▸ GIVEN INFORMATION
--- START ---
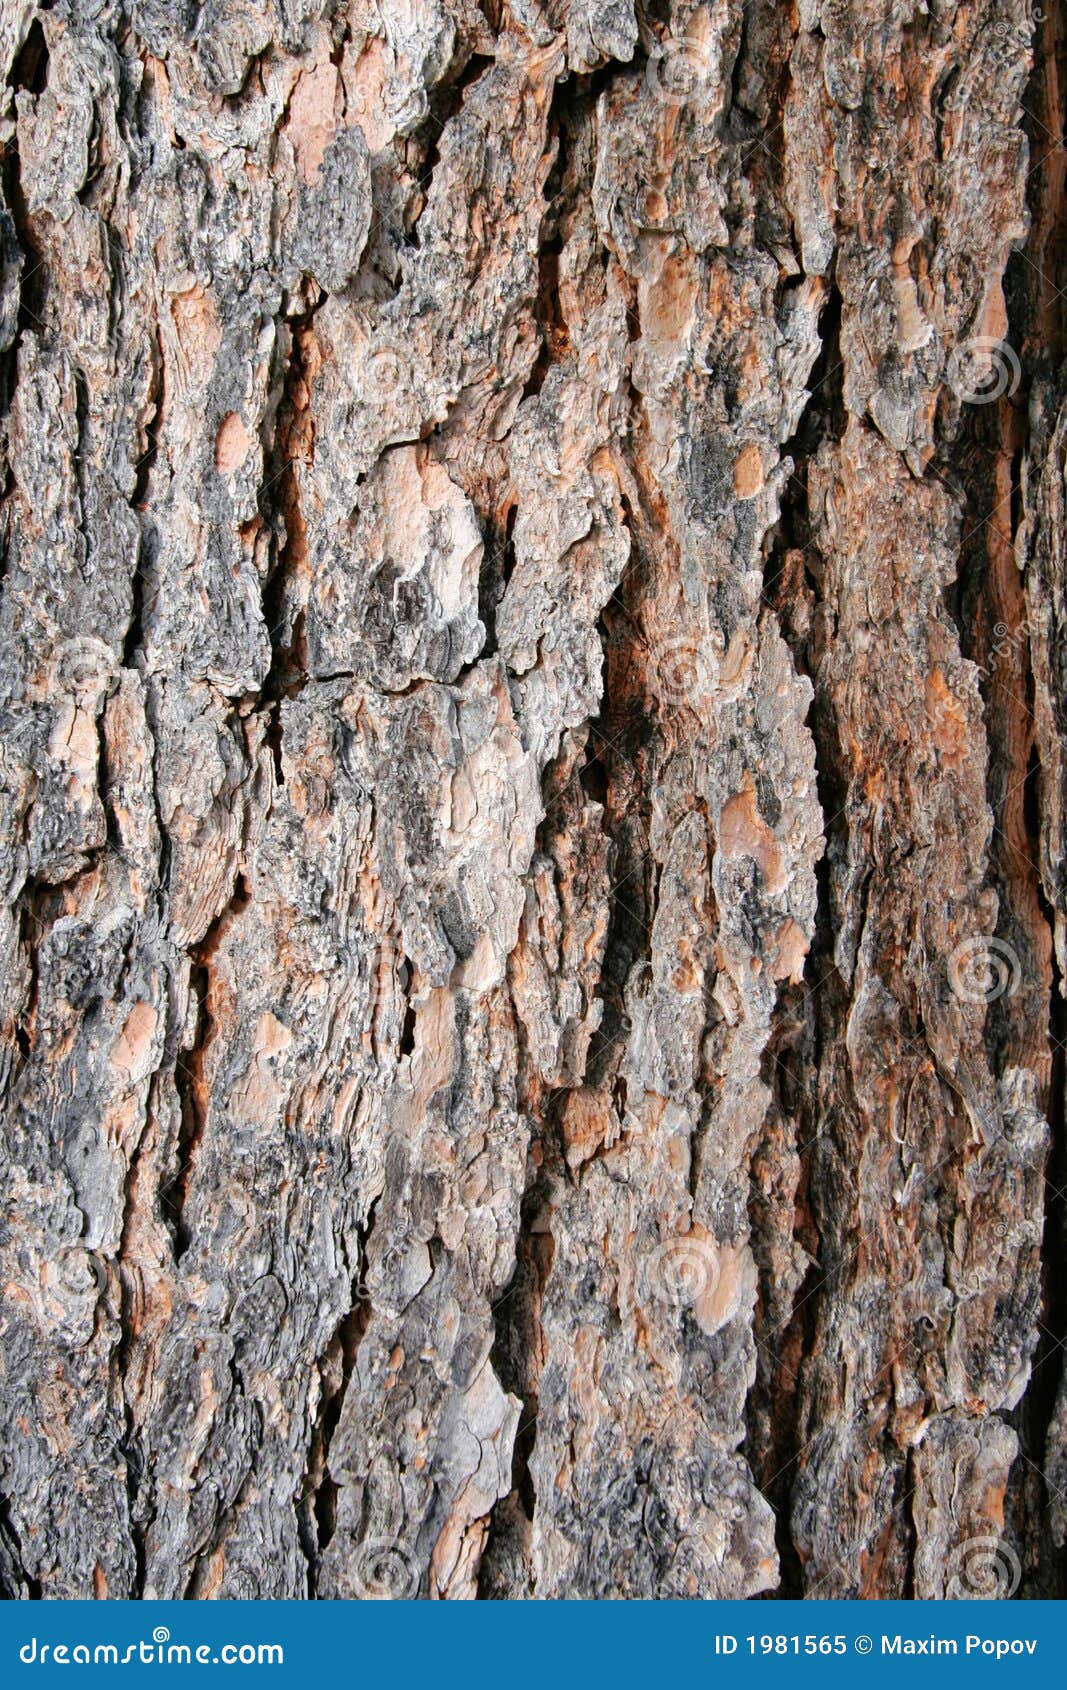 clipart tree bark - photo #24
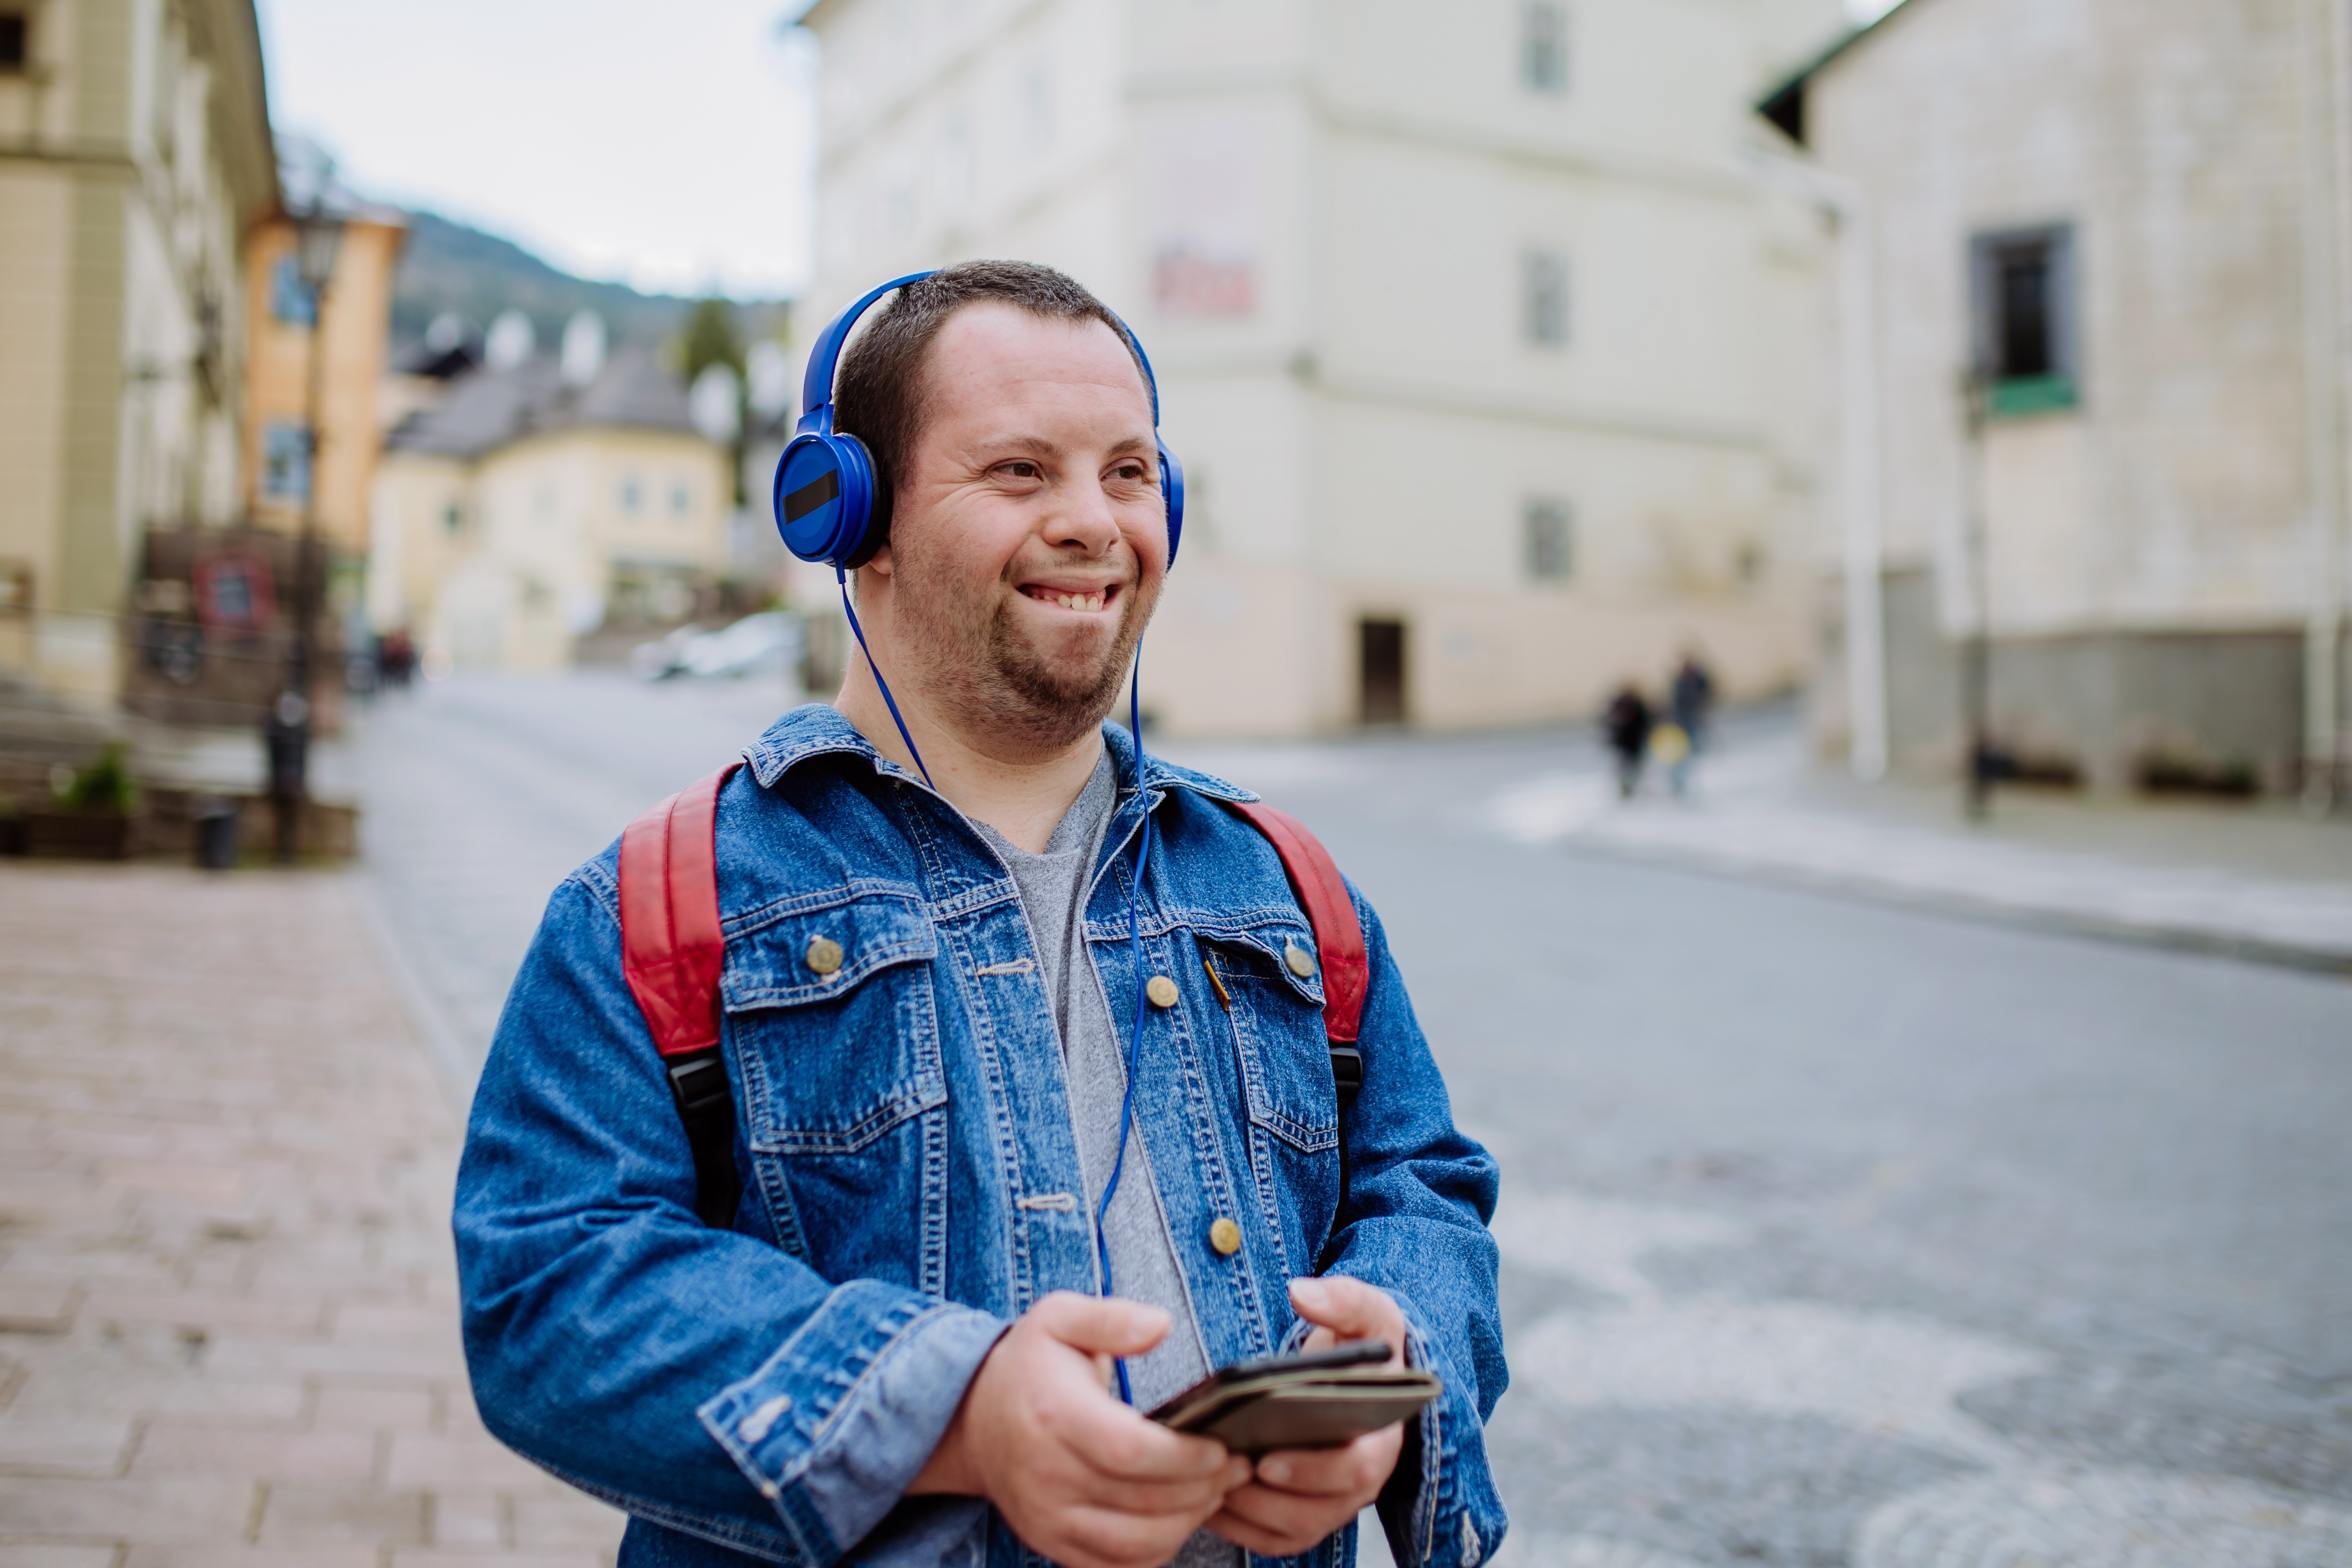 Ein Mann mit Down-Syndrom hört Musik, während er auf der Straße geht. | Quelle: Shutterstock
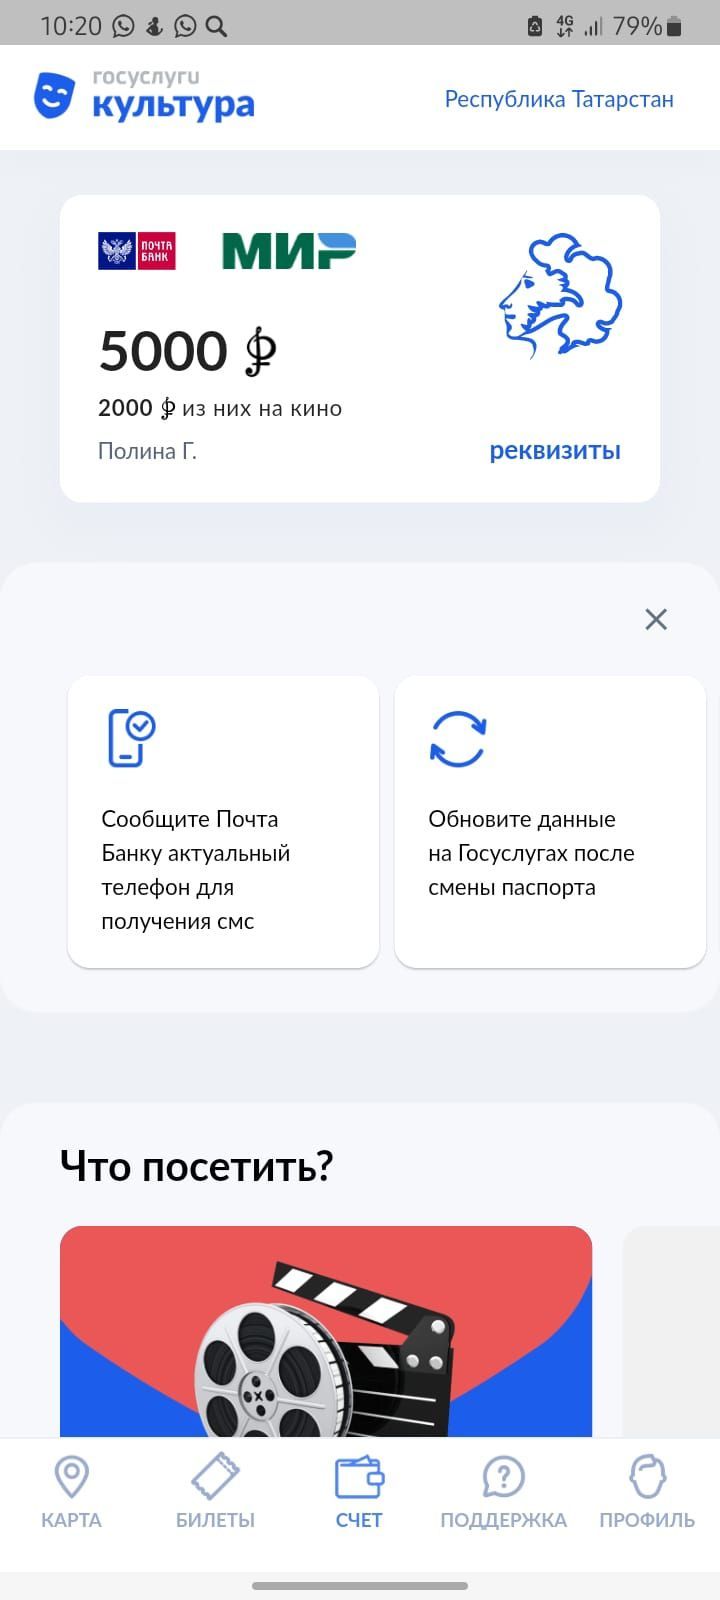 «Пушкинская карта» теперь в мобильном приложении
--- END ---
▸ WHAT IS BEING ASKED
Your copy of the data above should match it exactly, apart from the images.

▸ RESULT OF THIS EXERCISE
 clipart tree bark - photo #24
 Ein Mann mit Down-Syndrom hört Musik, während er auf der Straße geht. | Quelle: Shutterstock
 «Пушкинская карта» теперь в мобильном приложении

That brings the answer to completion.